> **PROBLEM TO WORK ON**
Omit every picture, then return each line of the data below exactly.

> **PROVIDED MATERIAL**
***

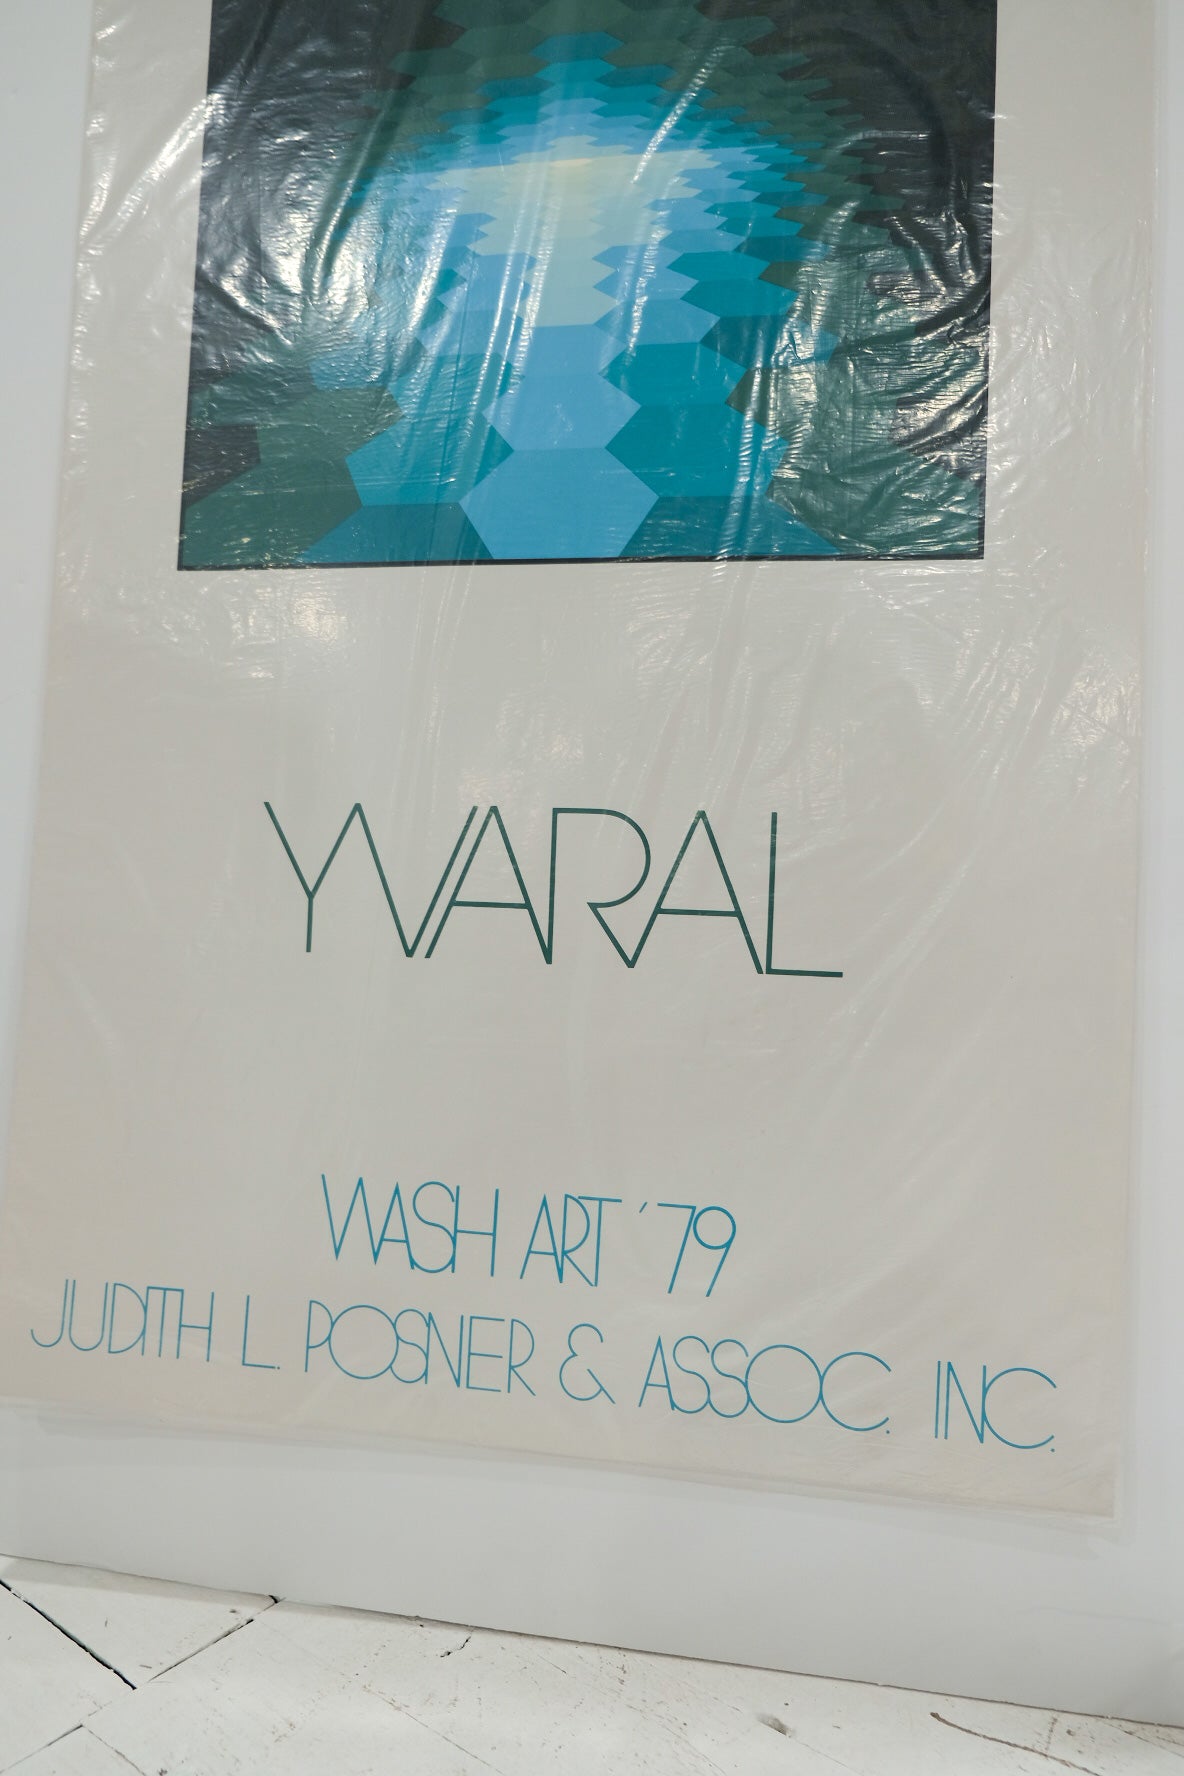 Yvaral Varsarely Wash Art '79 Judith L Posner
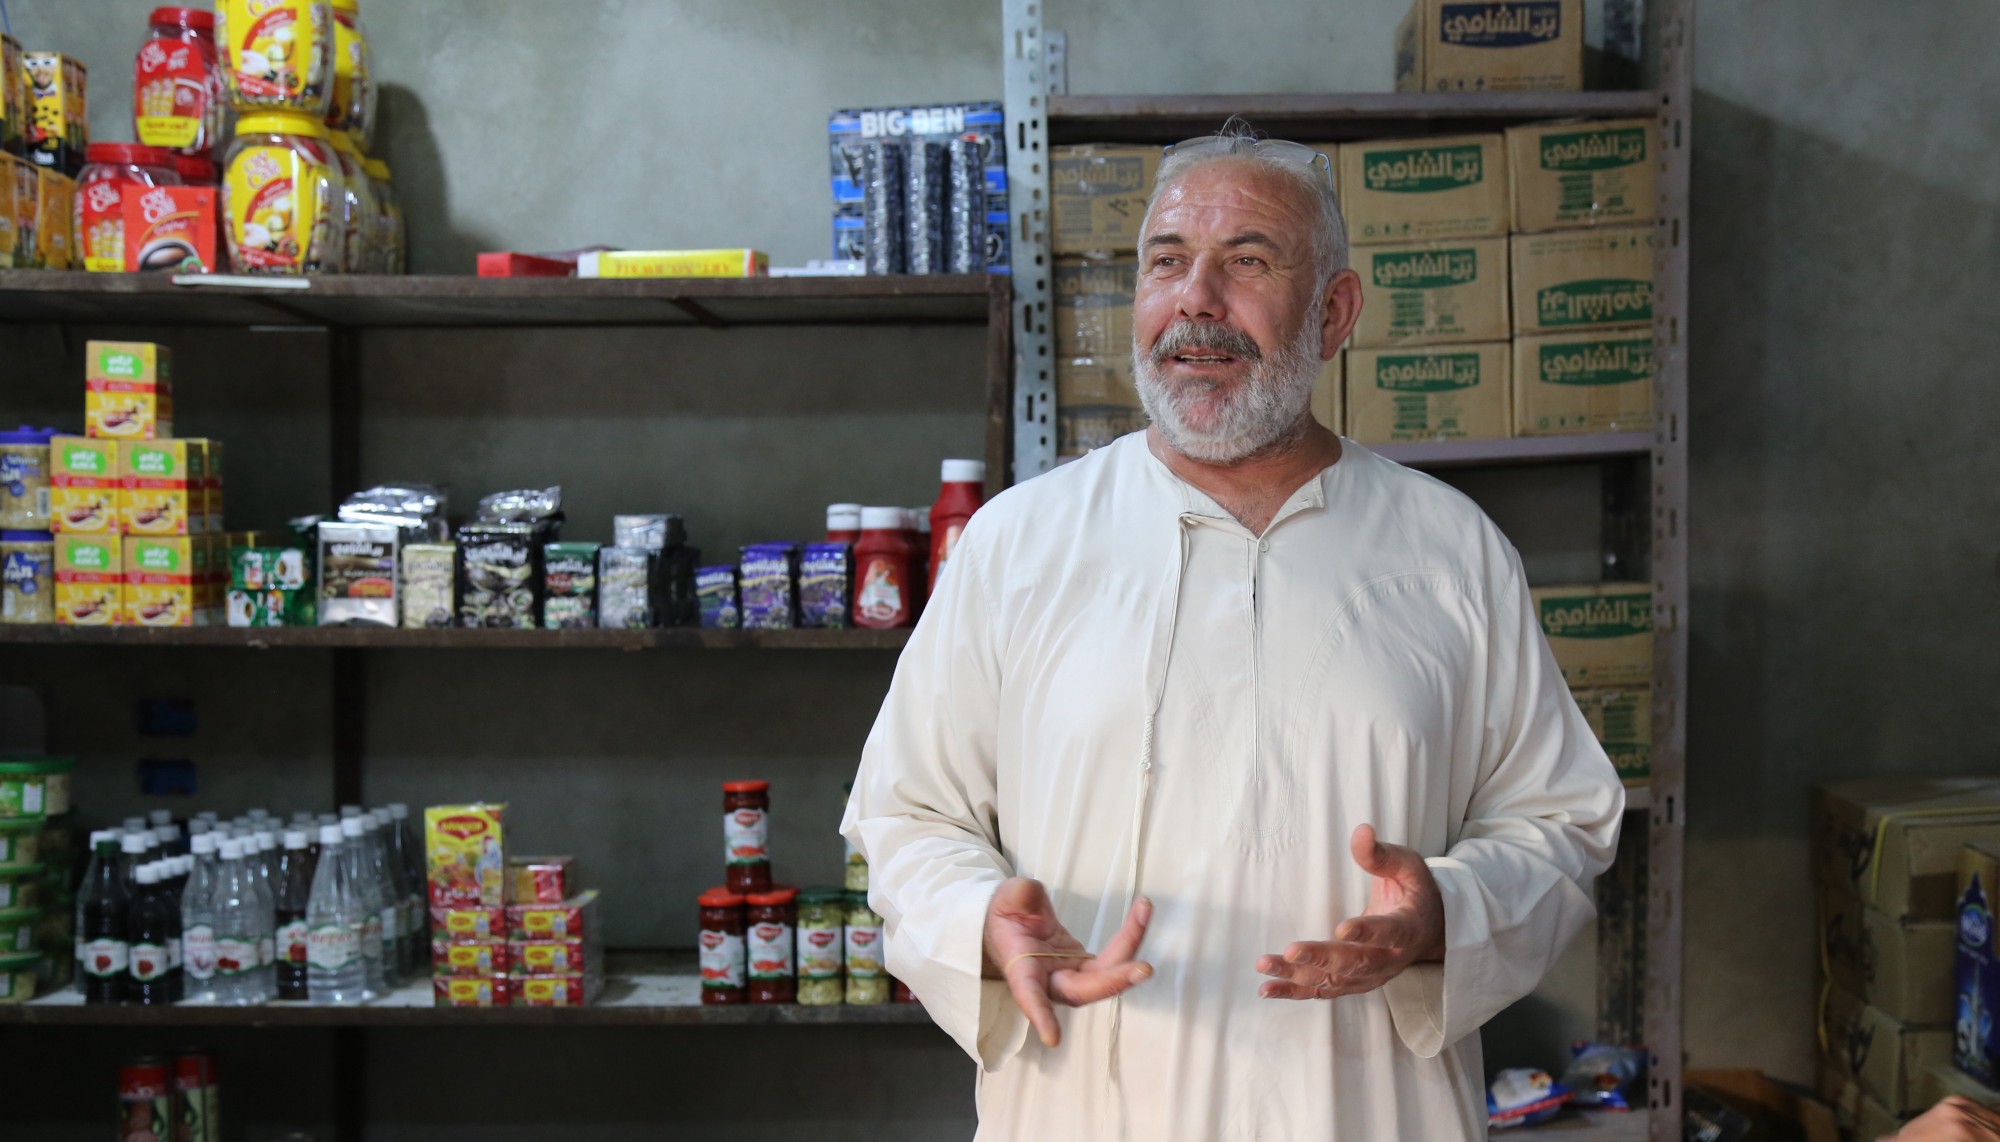 يقول محمد: إن توفر مخزون دائم من السلع يمثل تكلفة باهظة على أي متجر مثل متجره. الصورة: برنامج الأغذية العالمي/جيسيكا لوسون 
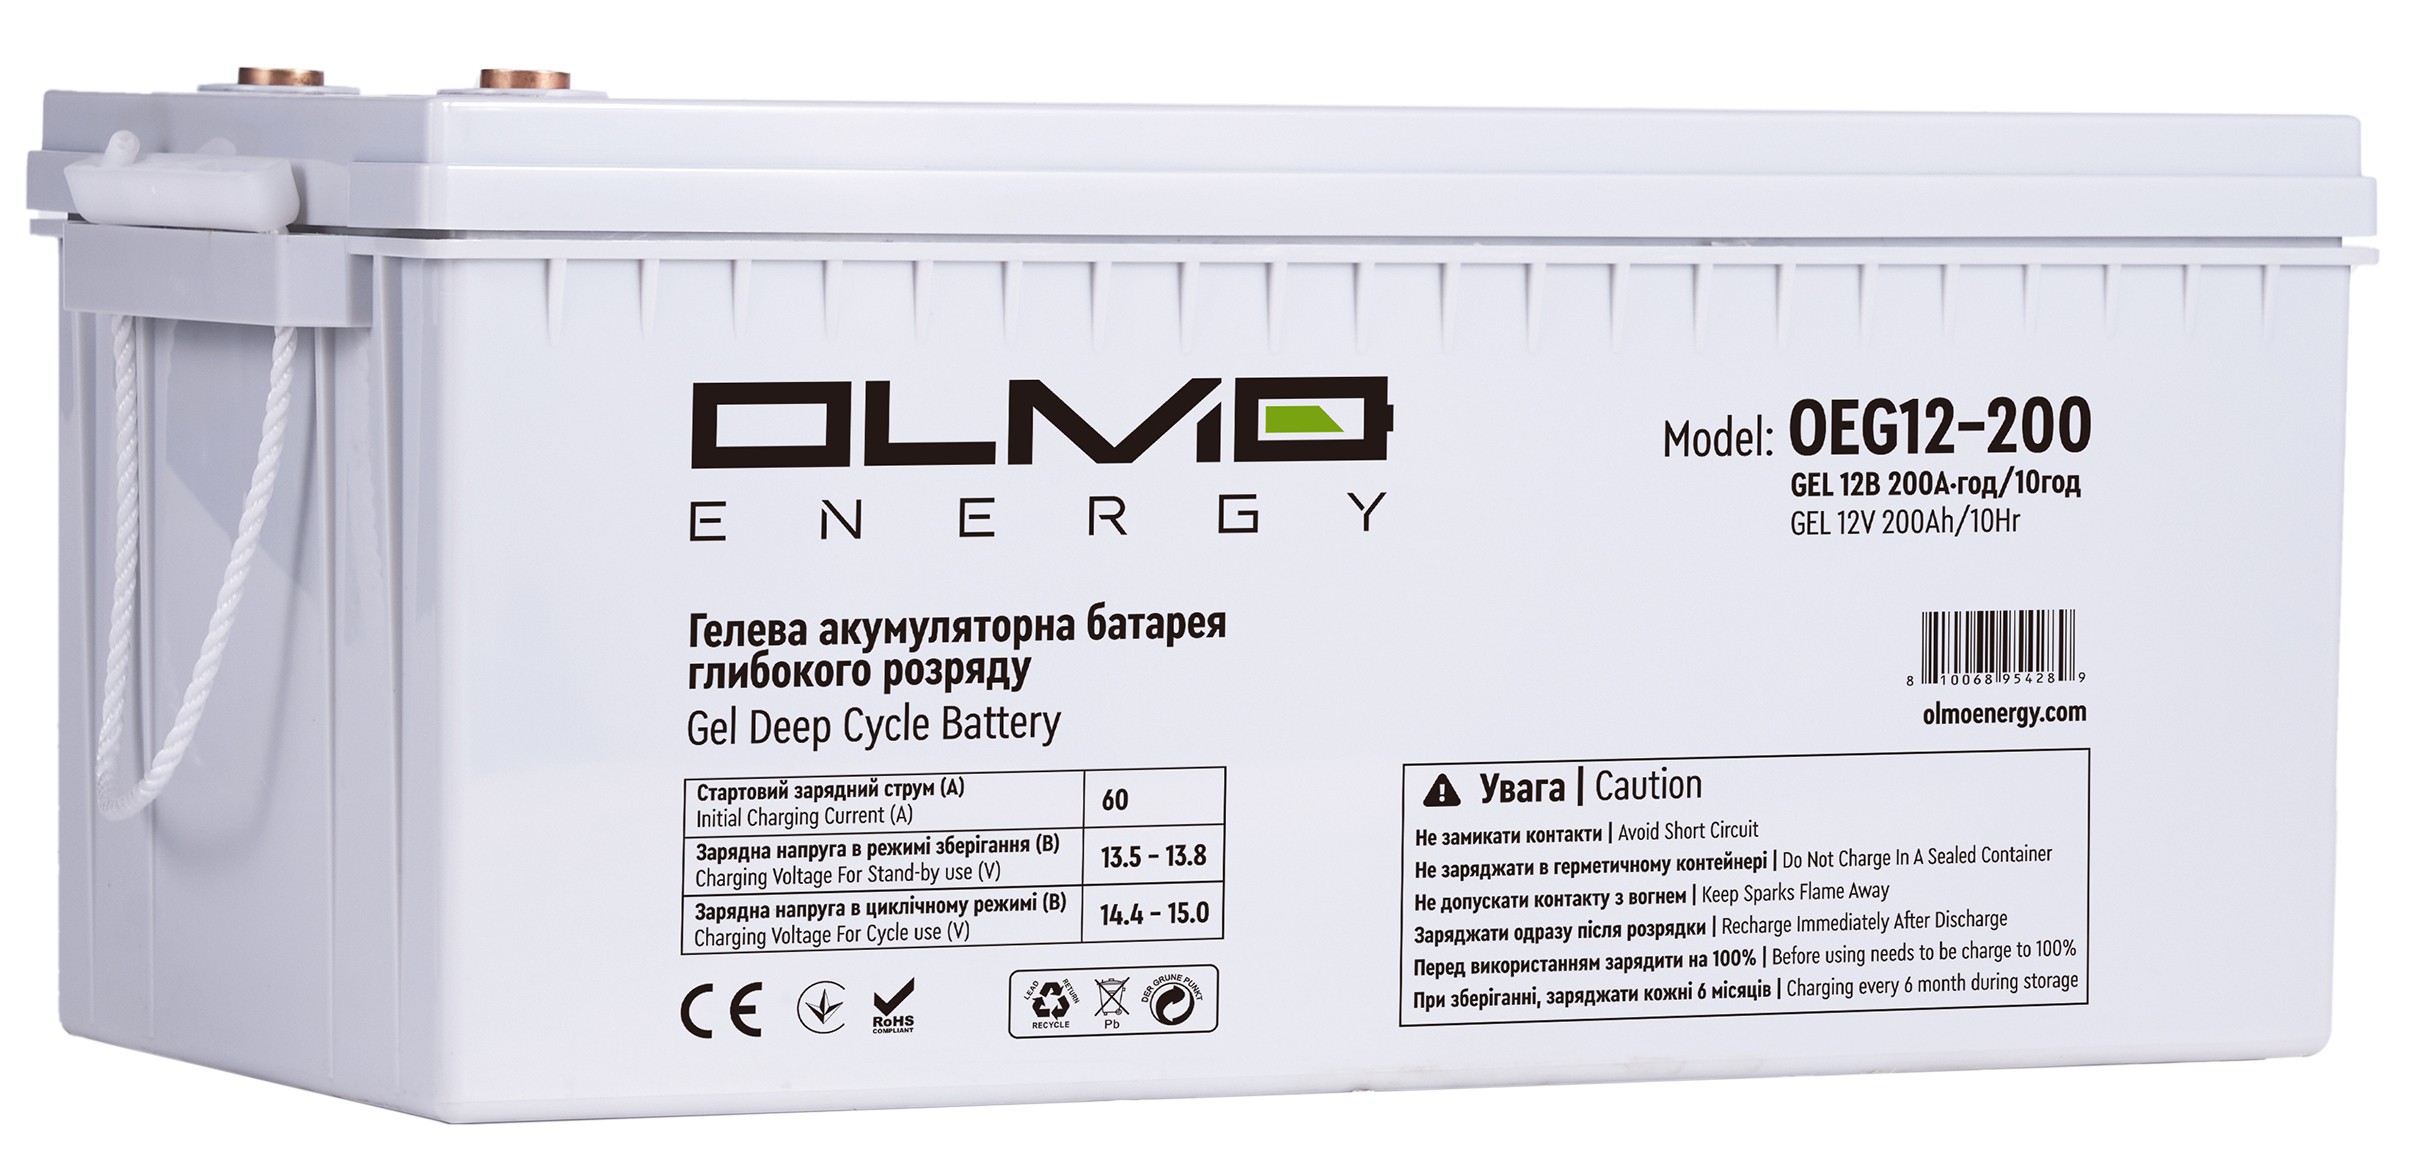 Цена аккумуляторная батарея OLMO Energy OEG12-200 в Запорожье
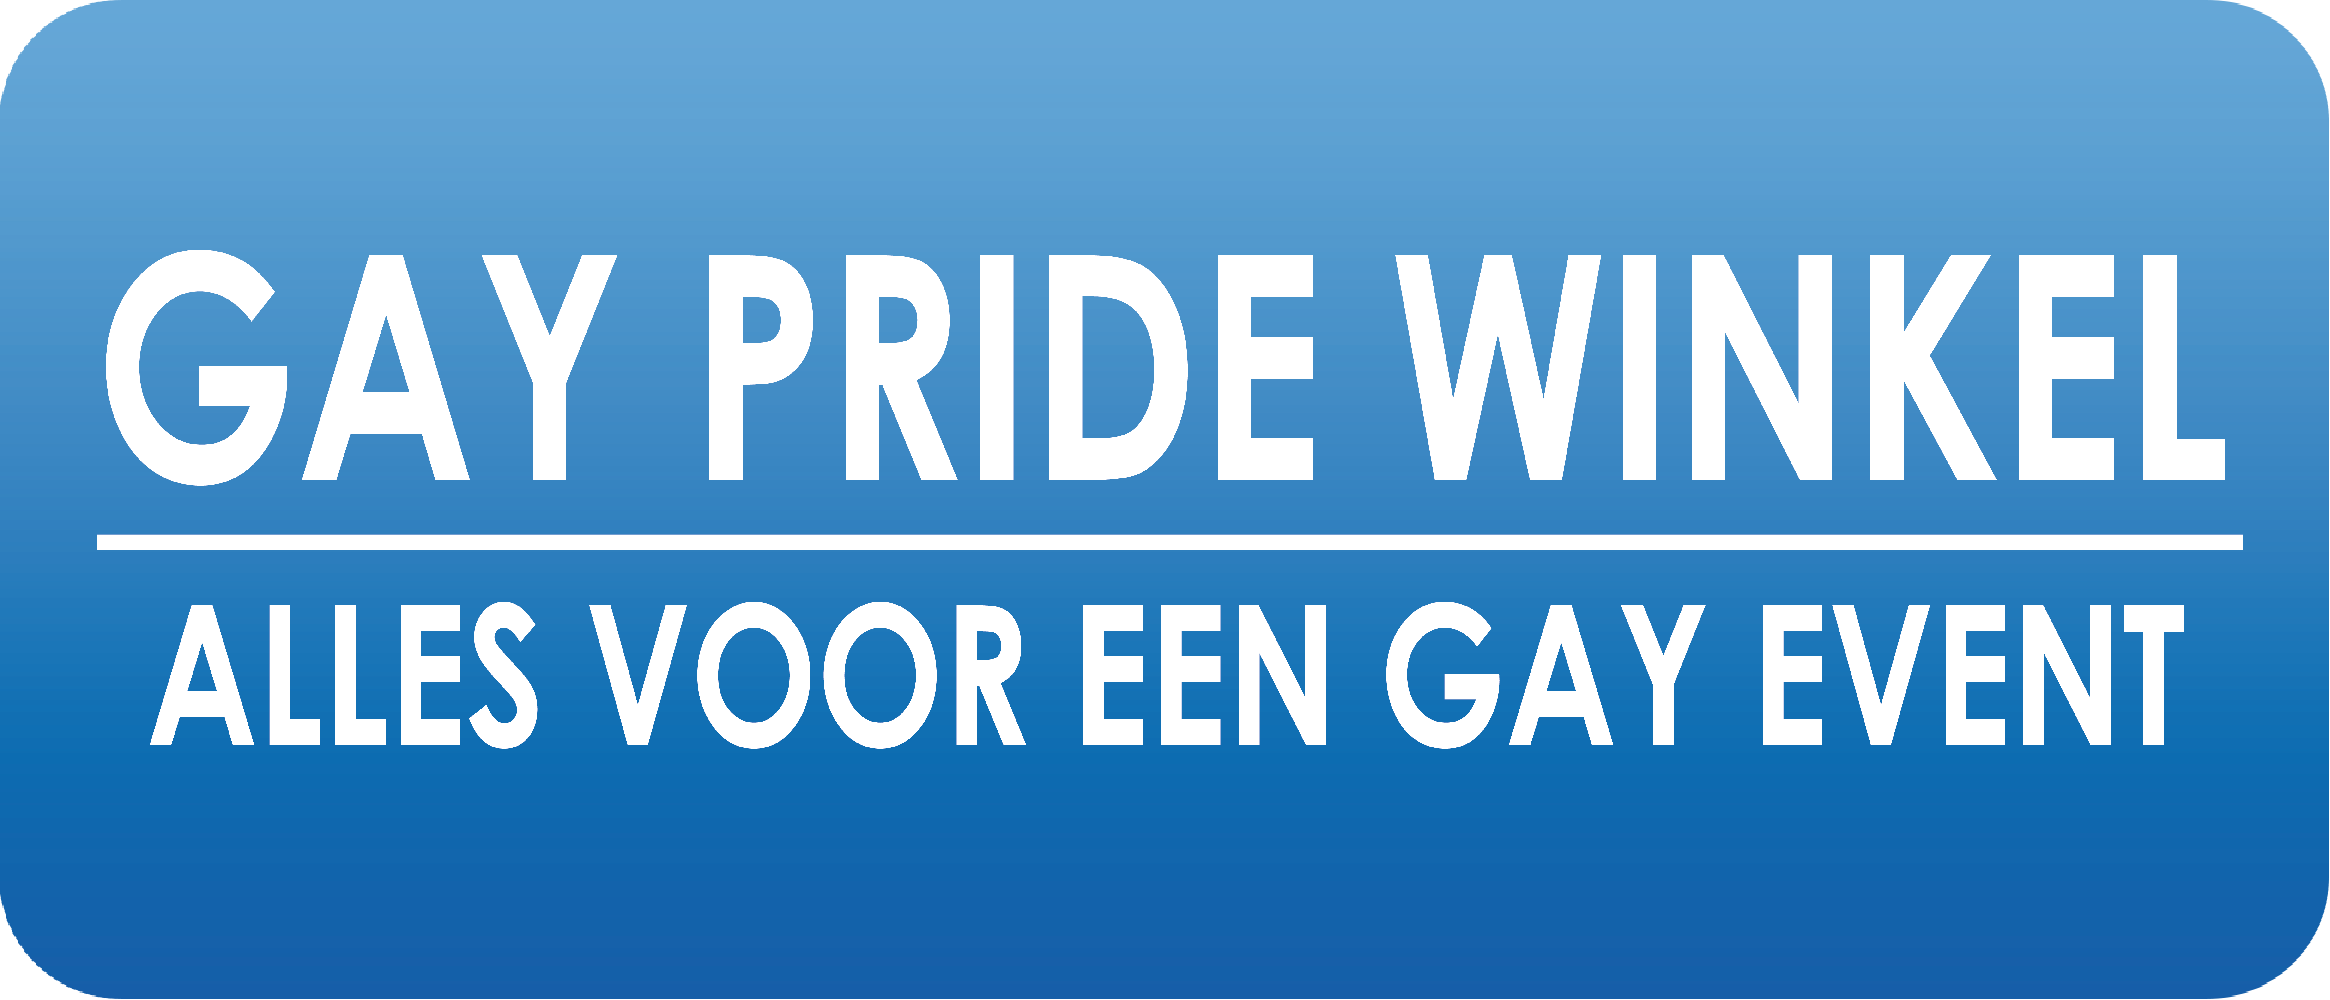 Gay-pride-winkel.nl

***

> **WORKED SOLUTION**
 Yvaral Varsarely Wash Art '79 Judith L Posner
 يقول محمد: إن توفر مخزون دائم من السلع يمثل تكلفة باهظة على أي متجر مثل متجره. الصورة: برنامج الأغذية العالمي/جيسيكا لوسون 
 Цена аккумуляторная батарея OLMO Energy OEG12-200 в Запорожье
 Gay-pride-winkel.nl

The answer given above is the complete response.